Resztę dnia spedzili na wspólnej zabawie z chłopcami. Oglądali także z nimi różne bajki, a głównie to auta, które to Arthur uwielbiał.
W bazie zostali jeszcze dwa dni. W tym czasie chłopcy bardzo polubili avengersów tak jak i oni ich. Trudno było im wrócić do domu w szczególności Arthurowi, który bardzo polubił Stevea, ale w końcu udało im się wrócić do domu.
– Mamo, a jeszcze kiedyś tam pojedziemy?- spytał Arthur, które Grace przykrywała.
– Oczywiście, że tak i to jeszcze nie raz. A jak nie my do nich pojedziemy to oni do nas przyjdą. A ogólnie udały się te trzy dni?
– Tak i to bardzo.- mówi szczęśliwy.
– Ciesze się a teraz pora juz spać. Dobranoc.- mówi całując go w czoło.
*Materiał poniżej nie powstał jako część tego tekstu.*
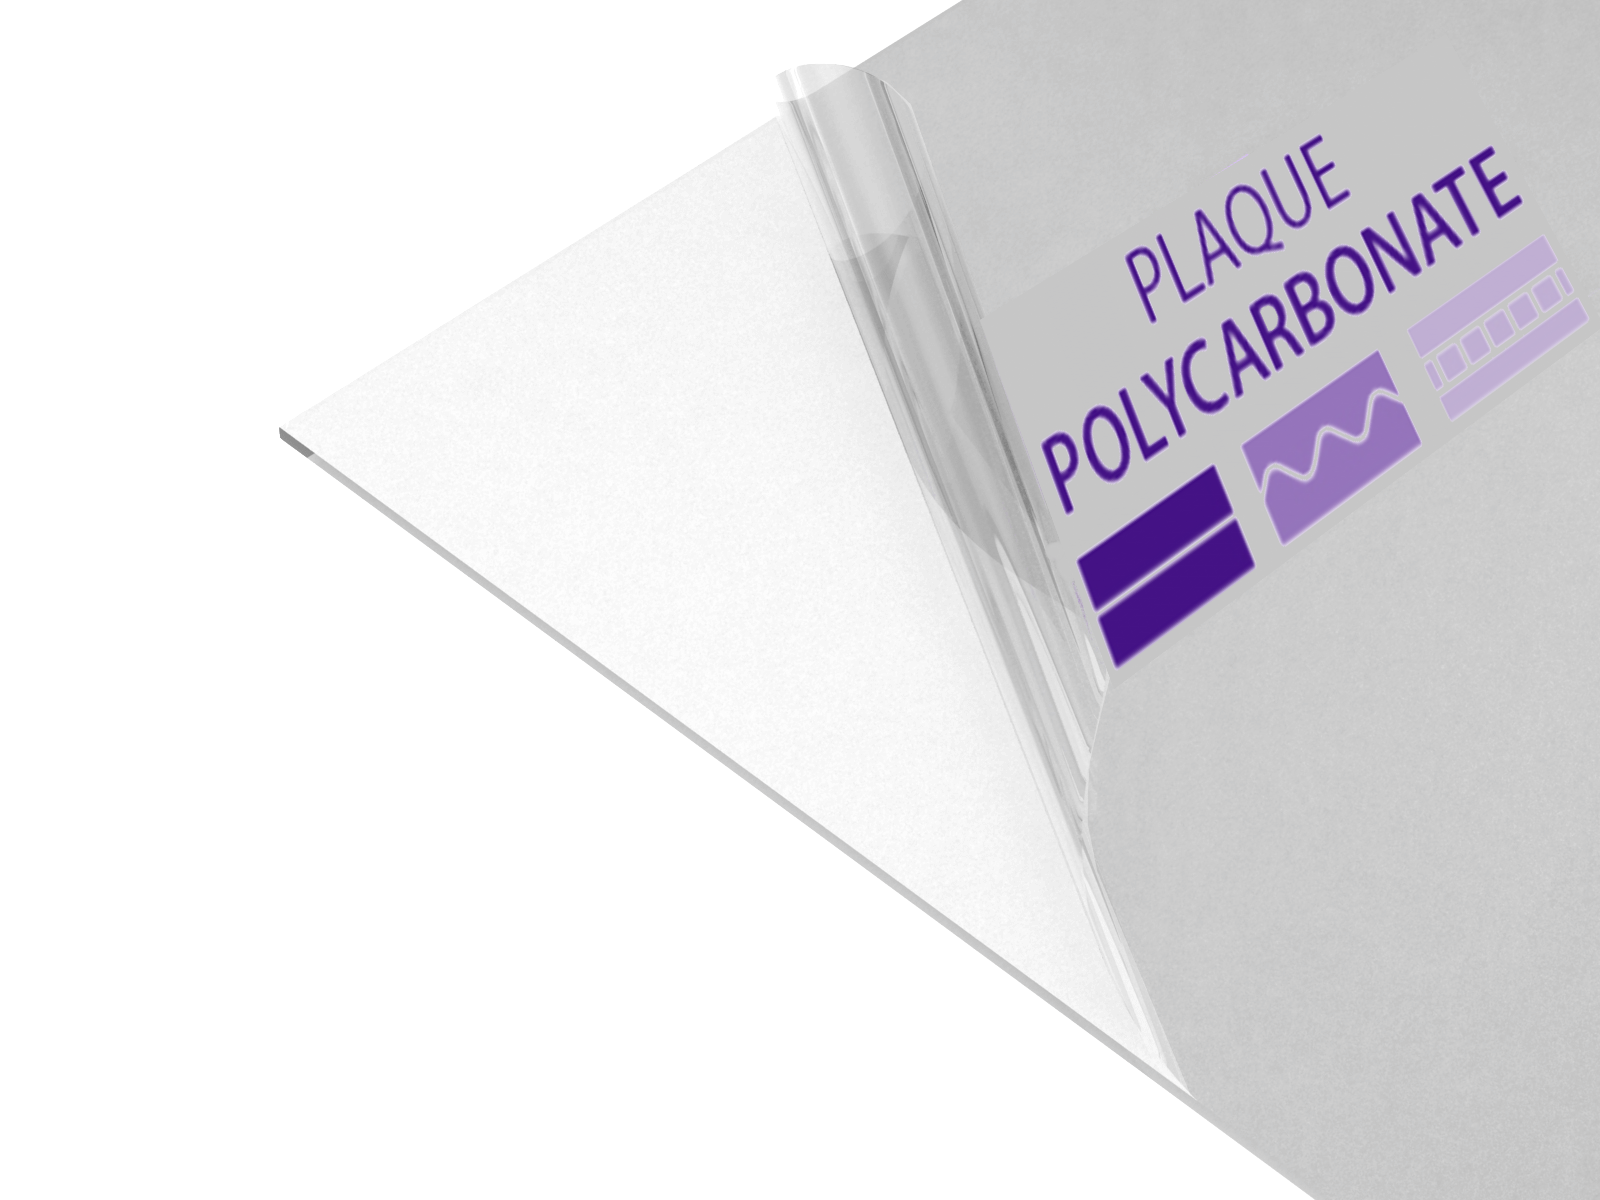 Polycarbonate compact
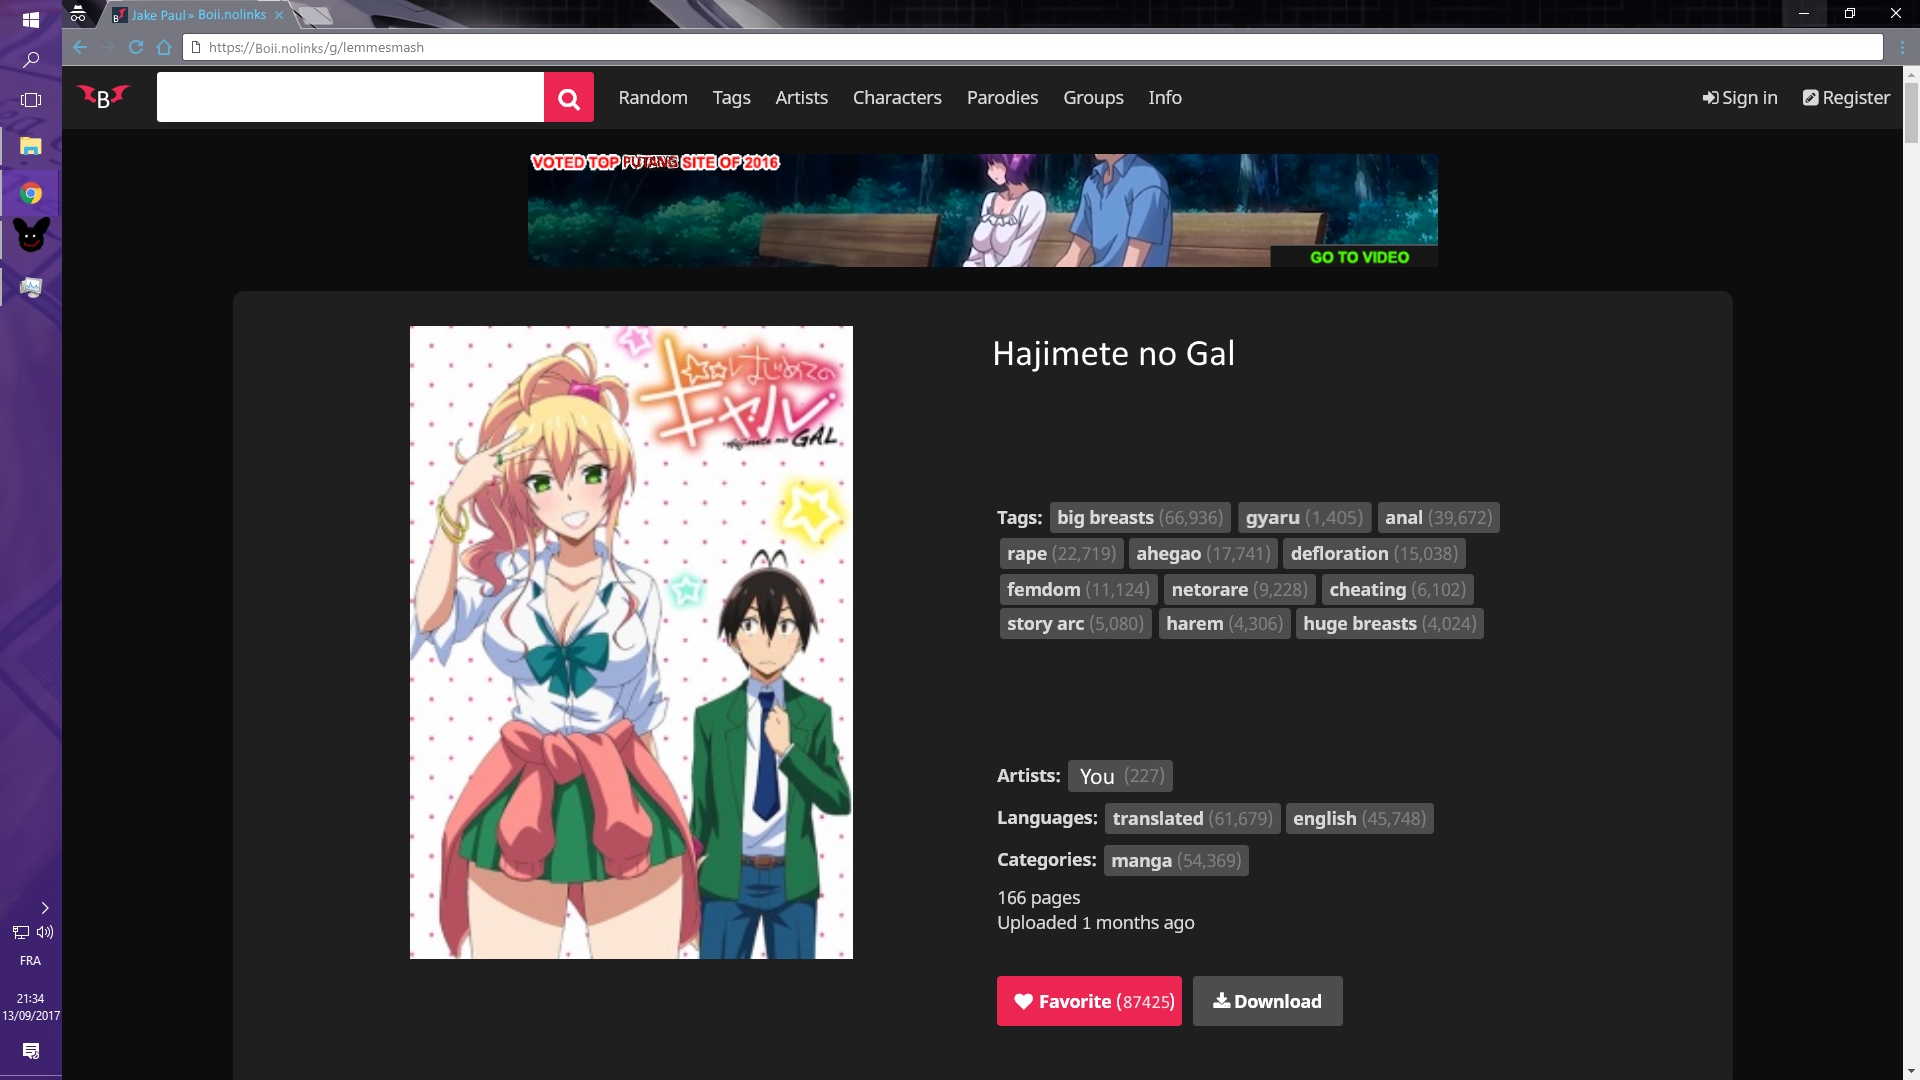 Review/discussion about: Hajimete no Gal

– Dobranoc i mamo?- pyta niepenie, a kobieta obraca się w jego stronę, kiedy jest już ma wychodzić z pokoju.
–Tak?- obraca się kiedy już ma wychodzić z pokoju.
– Kocham cie.
– Ja ciebie też.- mówi i wychodzi zamykając drzwi.
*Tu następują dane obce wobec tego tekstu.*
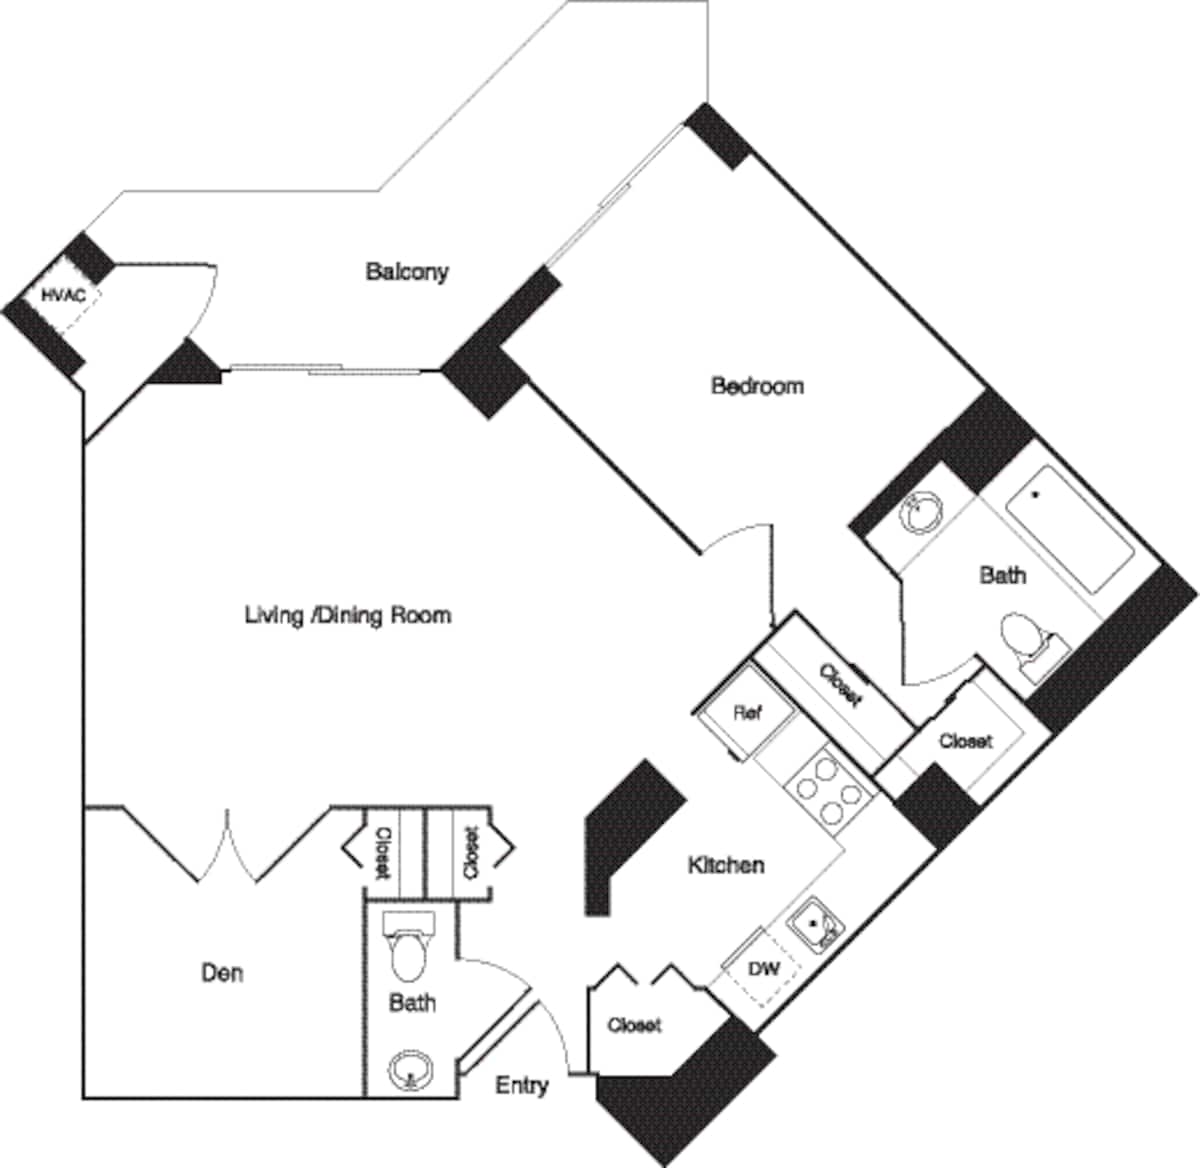 Floorplan diagram for G (Evergreen), showing 1 bedroom

Następnie idzie do sypialni, gdzie czeka juz na im Clint. Siada obok niego na łóżku i patrzy przed siebie myśląc o tym co Arthur powiedział.
– Śpią?- pyta parzac na nią.
– Tak.- odpowiada nie nawet nie patrząc na męża.
– Co jest?- pyta widząc rozkojarzona żonę.
– Powiedział, że mnie kocha.- mówi, a łzy zaczynają jej lecieć z oczu. To był pierwszy raz, kiedy Arthur powiedziała jej, że ją kocha.
– Naprawdę?- pyta patrząc jej w oczy.
– Tak.- mówi i przytula męża, który i ją przytula.